Great Falls of the Passaic River in Paterson, New Jersey © 2004 Matthew Trump

Great Falls of the Passaic River in Paterson, New Jersey © 2004 Matthew Trump

Paterson, New Jersey was one of America’s original factory towns. William Carlos Williams, who was born and died in nearby Rutherford, memorializes the town in his long poem  Paterson. The town is anthropomorphized,

Paterson lies in the valley under the Passaic Falls,
its spent waters forming the outline of his back.
. . .
Twice a month Paterson receives
communications from the Pope and Jacques Barzun
(Isocrates). His works
have been done into French
and Portuguese.
. . .
Say it! No ideas but in things. Mr.
Paterson has gone away
to read and write.
Inside the bus one sees
his thoughts sitting and standing. His
thoughts alight and scatter —

 

James Patterson, who was also born not too far from Paterson, in Newburgh, New York, is, like the nineteenth century factories of Paterson, prolifically productive. Fifteen books a year is almost unbelievable. His work methods are fascinating — it’s a sort of factory system. The Telegraph did a piece in 2014 about his team-work. He uses about twenty other authors to write up books based upon an outline he provides. He edits and “corrects” drafts, and acknowledges the co-author on the book. We may react to this with disapproval: how could an author do something like that. But why shouldn’t an author do something like that? Mr Patterson is quite definitely in the entertainment business. Nobody complains for instance that Martin Scorsese doesn’t write the movies he directs or design the costumes, do the makeup, and build the sets: movies are a collaborative business. Why shouldn’t books be too? (We publishing people might be tempted to claim that they always are.) We are all used to the idea of ghost-written celebrity autobiographies after all. Surely nobody can really have objections to some authors using such streamlined production methods; even if they were writing poetry say. Why shouldn’t T. S. Eliot get a co-author in on The Wasteland for instance? Oops. He did didn’t he?

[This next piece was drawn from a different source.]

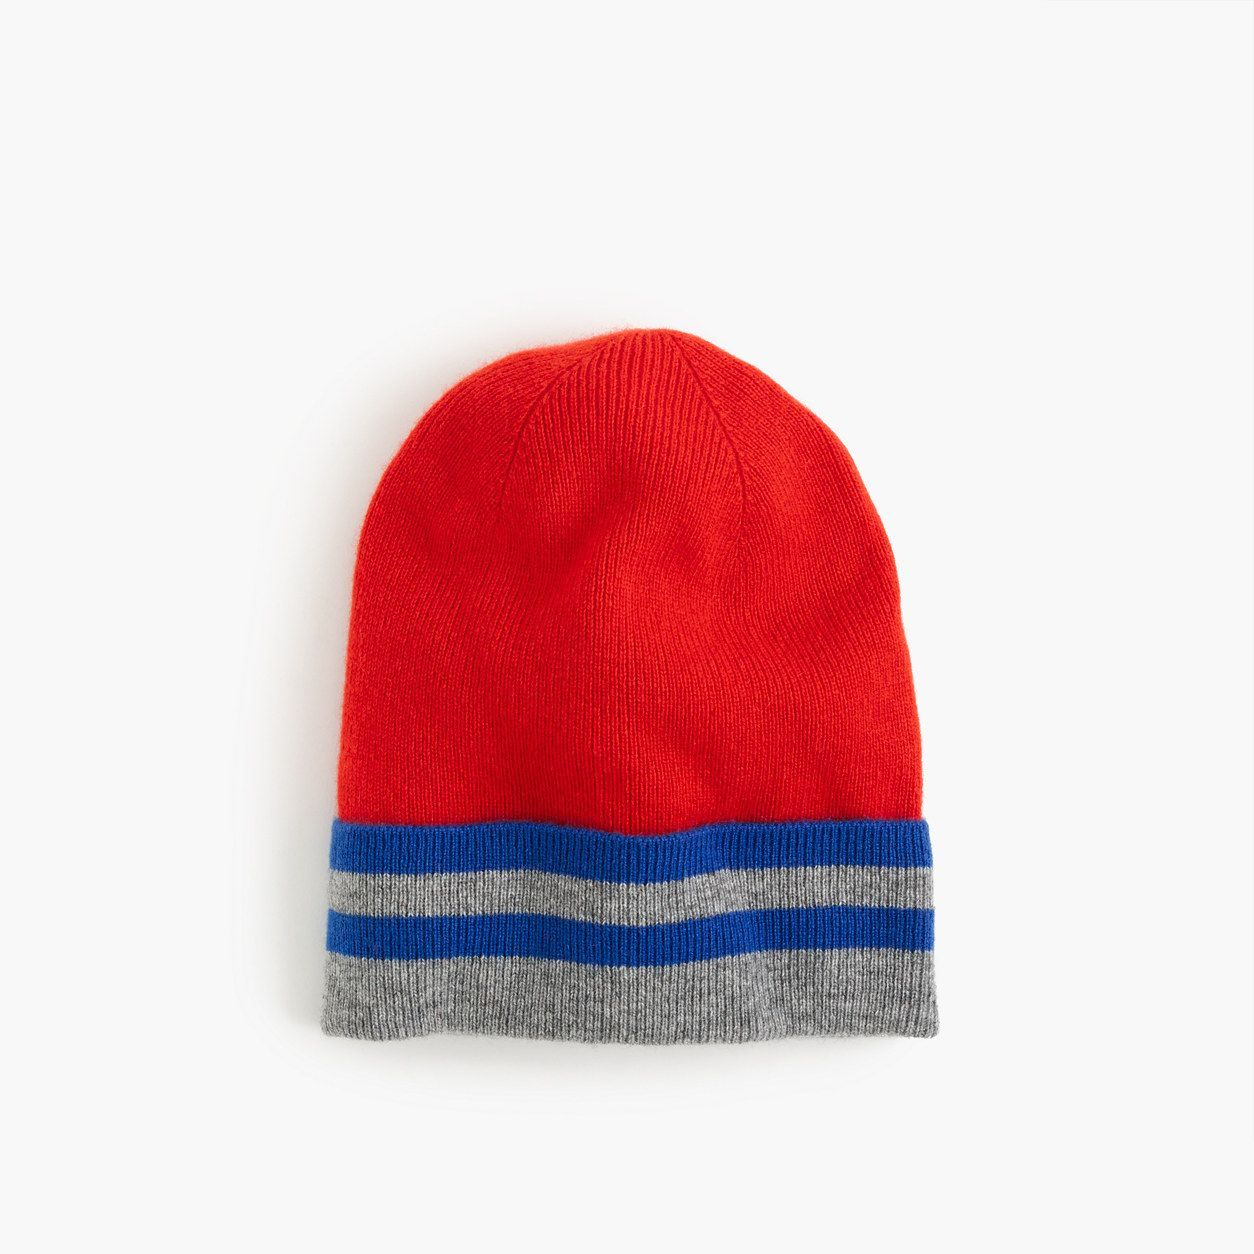 crewcuts Boys Striped Cashmere Beanie Hat (Size L-XL Kid)
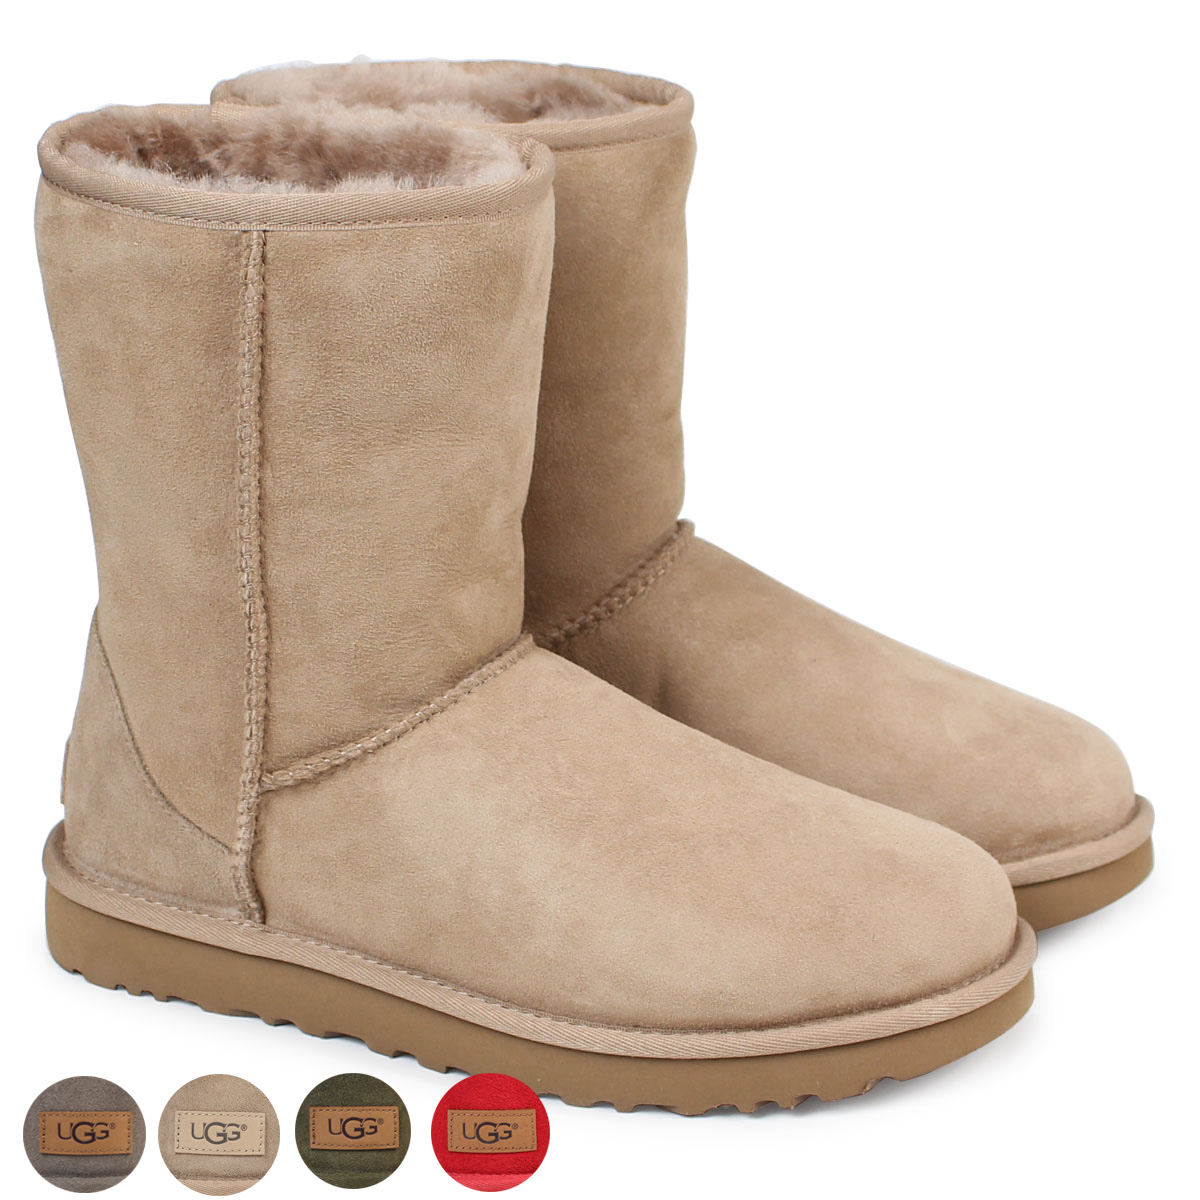 243d0c743c5 low cost ugg 5825 boots 9 west 78318 7c2cf

Mr Patterson is well known for his benevolence towards independent bookstores and other initiatives in defense of the book business. Now he plans to convert the vast world of non-readers into avid book buyers by giving them what he believes they want: short books which can be quickly read and loved. Here’s The New York Times story about the proposal. The 150pp max. books will be published by Little Brown. Some will be written by Patterson, some by his factory system and others selected by him. Thank you Mr Patterson. Every little thing helps, and I suspect that your name is more likely to bring in new readers than most. And I dare say there’s a royalty in there somewhere.